A typical day also includes breaks for meals and short services. Lights are out at 9:30 p.m.

Retreat participants wear plain, dark clothes that aren't distracting, Andersen said. And because the appreciation of life is a Buddhist precept, only vegetarian meals are served at Myoshinji. Andersen said individuals may or may not follow a vegetarian lifestyle when back in the "outside world."

The whole retreat is basically silent, Andersen said. Participants address each other or Andersen as needed to answer simple questions regarding work, but try to refrain from idle chit-chat.

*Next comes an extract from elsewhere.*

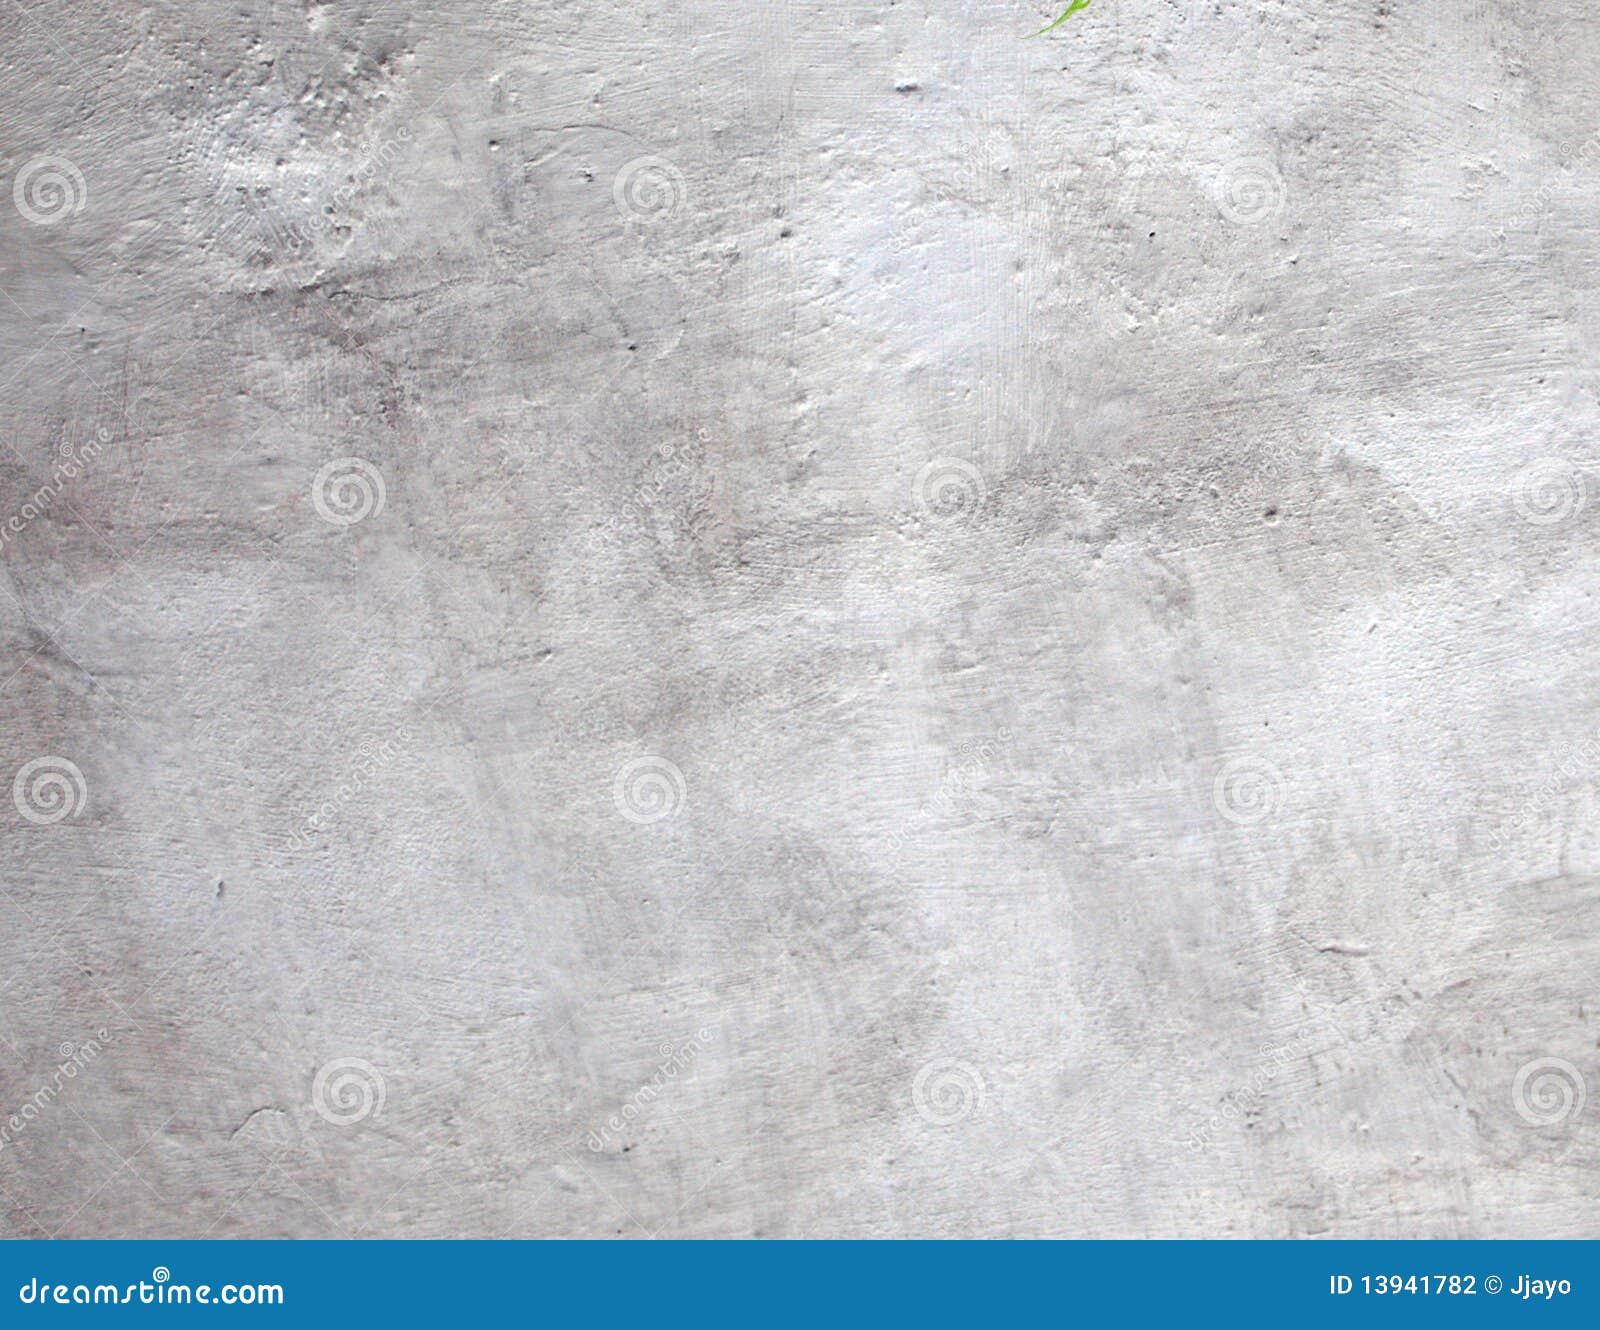 Muro Di Cemento Verniciato Bianco Astratto Fotografia Stock - Immagine: 13941782

Still, people do get to know each other by attending retreats together.

"There's a special connection" to others at the retreat, retreat participant Tandy Sturgeon said. Even in relative silence, "a lot more transpires than you might guess."

Zen in daily life

While Zen as a religion does include Buddhist scriptures, Andersen said the theology doesn't conflict with the teachings of other major religions, including Christianity or Judaism.

In fact, Andersen said, some people use Zen as an adjunct to practicing another religion. She invites people of all faiths to Myoshinji to experience the benefits of Zen meditation, such as a feeling of calm and improved concentration.

"They're very welcome to come here for that," she said.

In the "outside world," Andersen is the mother of two and an occupational therapist who works with developmentally disabled children. She said Zen helps her be more empathic with clients and in training others to work with disabled individuals.

"Zen emphasizes work," she said, noting that includes work outside a monastery. "We live it on a 24-hour basis."

Michael Sheaf concurred. The home builder from Indiana has been practicing Zen for 17 years and finds it allows him to calm down and look at his own follies.

"It keeps me profoundly engaged in life," he said.